COVENANTS OF THE PARTIES

Section 5.01. Conduct of business prior to Closing. From the date hereof to the Closing, NCC and HSI shall each conduct its business and affairs only in the ordinary course and consistent with its prior practice and shall endeavor to maintain, keep and preserve its assets and properties in good condition and repair and maintain insurance thereon in accordance with present practices, it will use its best efforts (i) to preserve its business and organization intact, (ii) to keep available to NCC and HSI the respective services of each of its present employees, agents and independent contractors, (iii) to preserve for the benefit of the goodwill of suppliers, customers, distributors, landlords and others having business relations with it, and (iv) to cooperate and use reasonable efforts to obtain the consent of any landlord or other party to any lease or contract where the consent of such landlord or other party may be required by reason of the transactions contemplated hereby.

Section 5.02. Notice of changes in information. Each party shall give the other party prompt written notice of any change in any of the information contained in their respective representations and warranties made in Article IV, or elsewhere in this Agreement, or the exhibits and schedules referred to herein or any written statements made or given in connection herewith which occurs prior to the Closing.
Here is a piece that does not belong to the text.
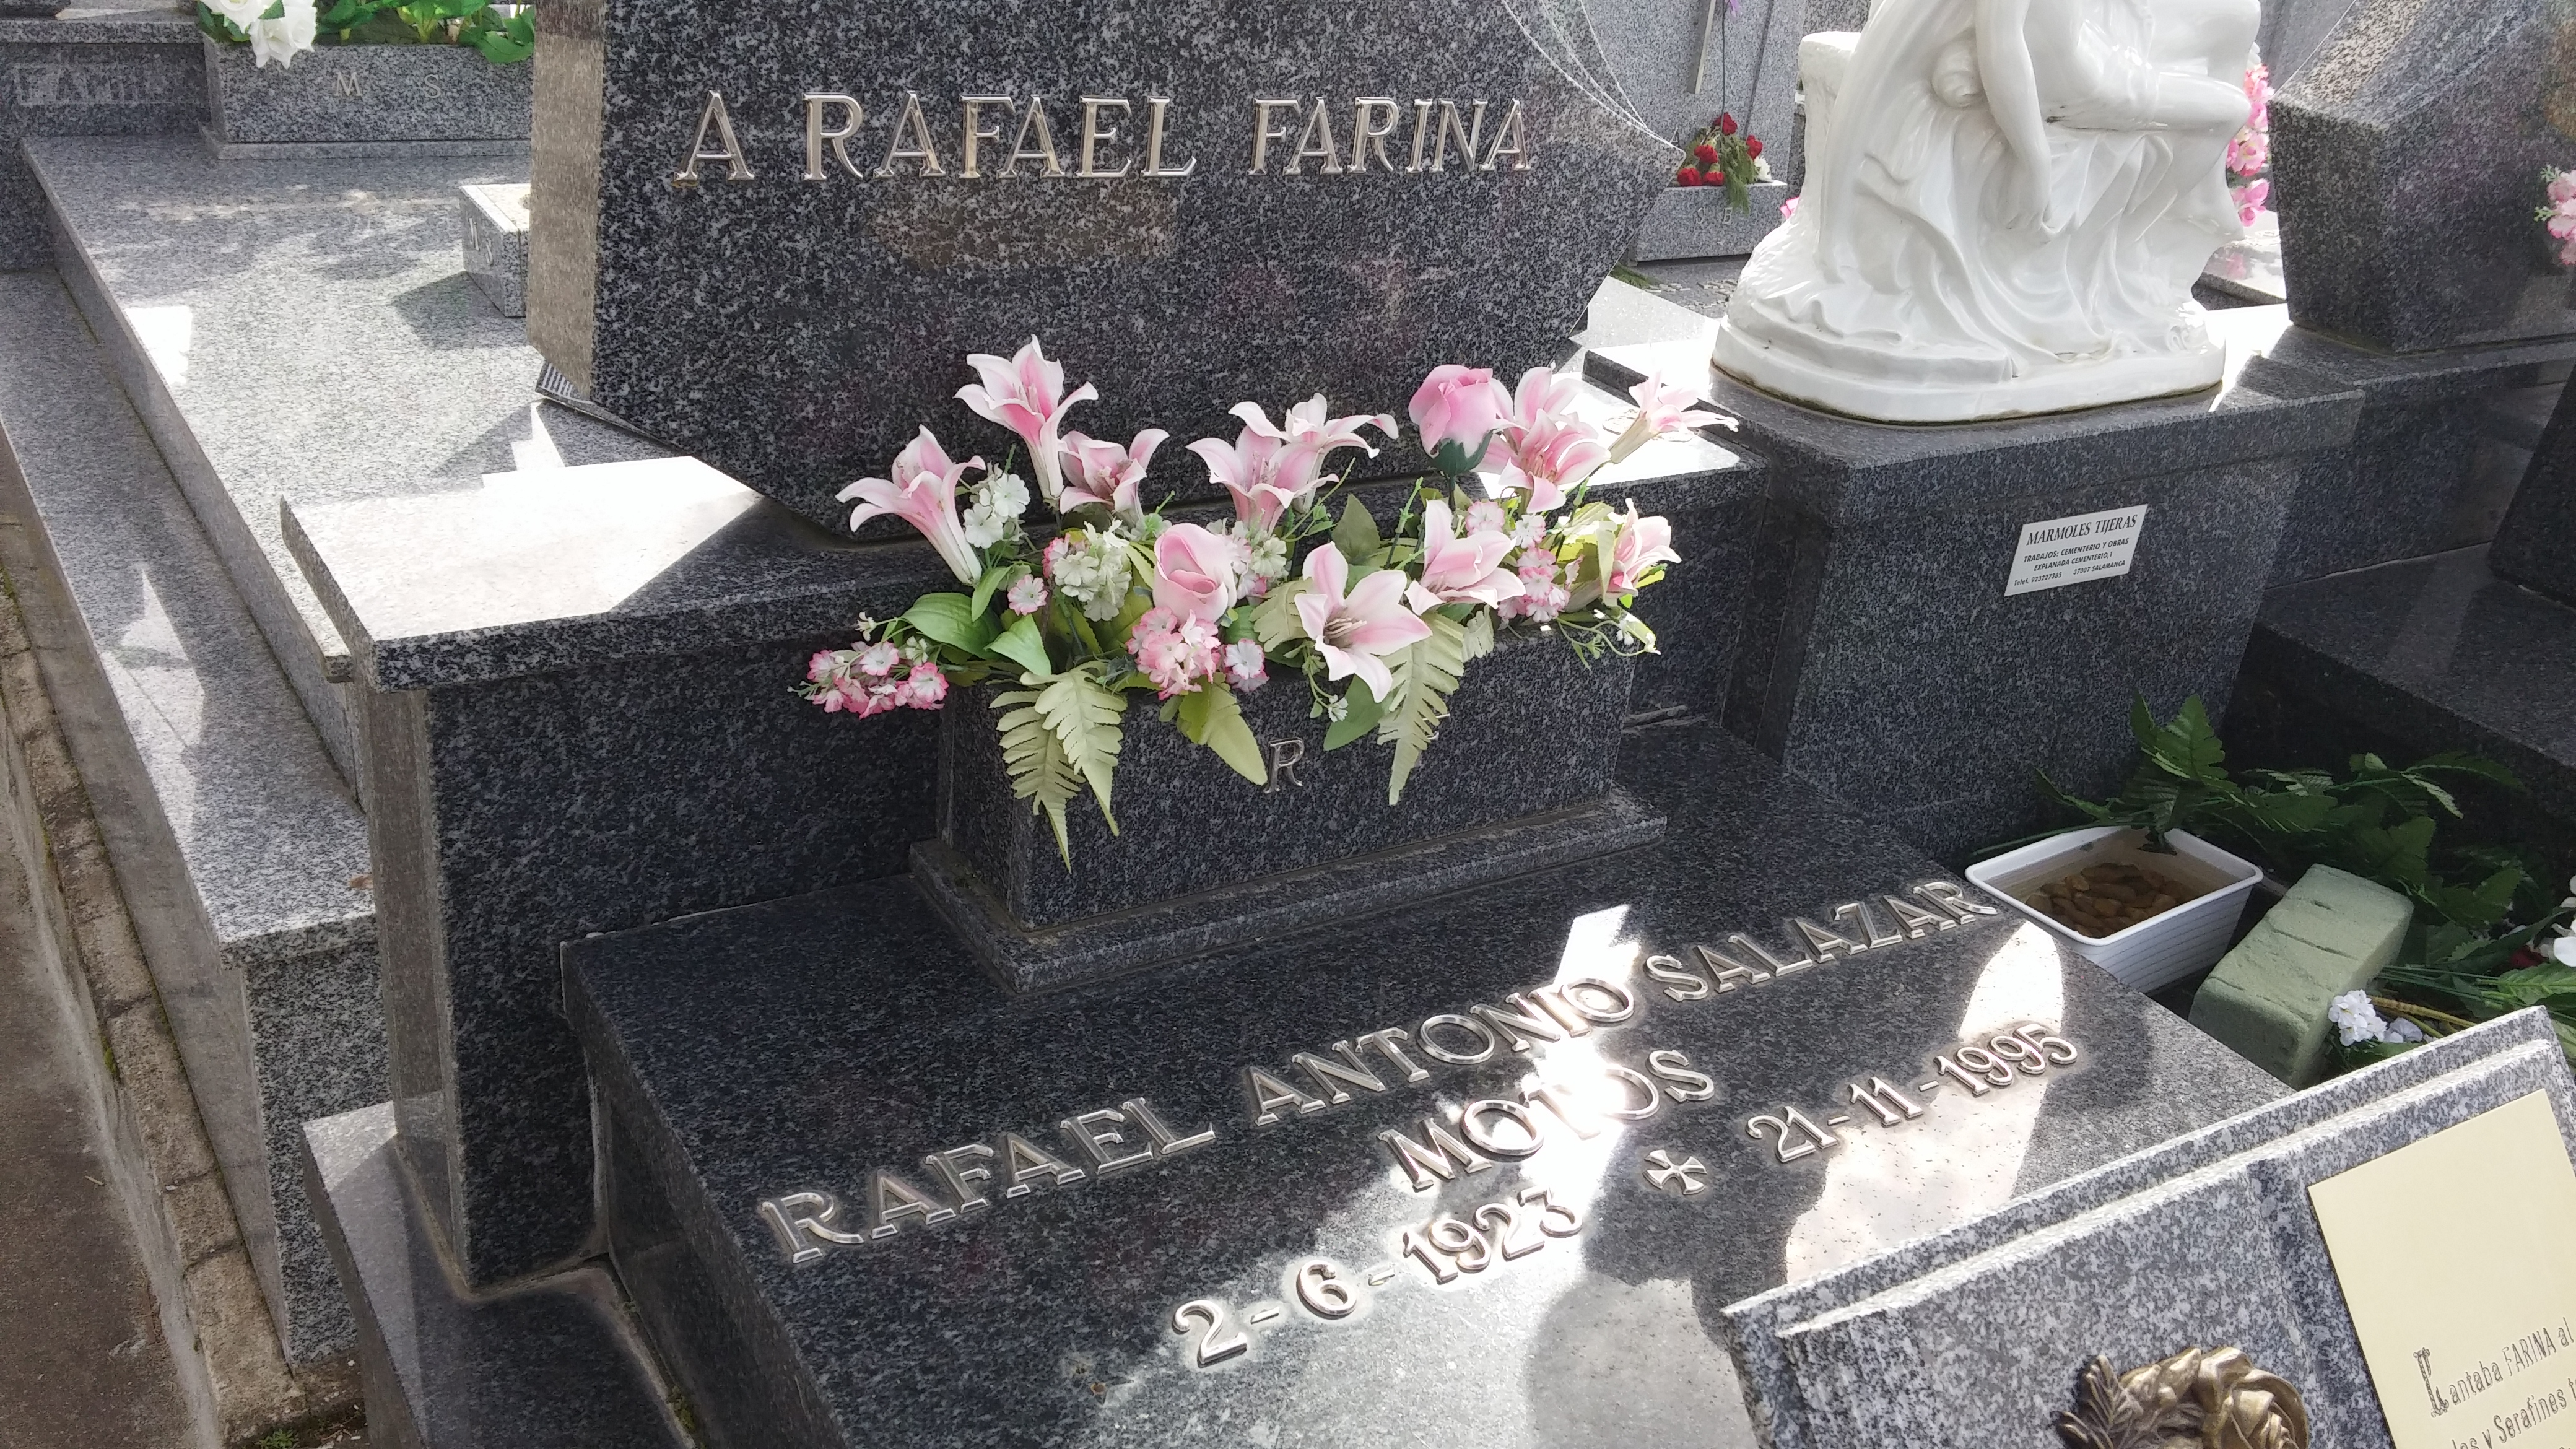 Tumba de Rafael Farina en el cementerio de Salamanca.

Section 5.03. Notice of litigation or government actions. Each party shall advise the other party with respect to the filing or commencement of any litigation or governmental or agency proceedings against such party.

Section 5.04. Action to preserve business and assets. Notwithstanding anything contained in this Agreement to the contrary, each party will not take or fail to take any action that in its reasonable business judgment, is likely to give rise to a substantial penalty or a claim for damages by any third party against it, or is likely to result in losses, or is otherwise likely to prejudice in any material respect or unduly interfere with the conduct of its business and operations in the ordinary course consistent with prior practice, or is likely to result in a breach by it of any of its representations, warranties or covenants contained in this Agreement (unless any such breach is first waived in writing by the other party).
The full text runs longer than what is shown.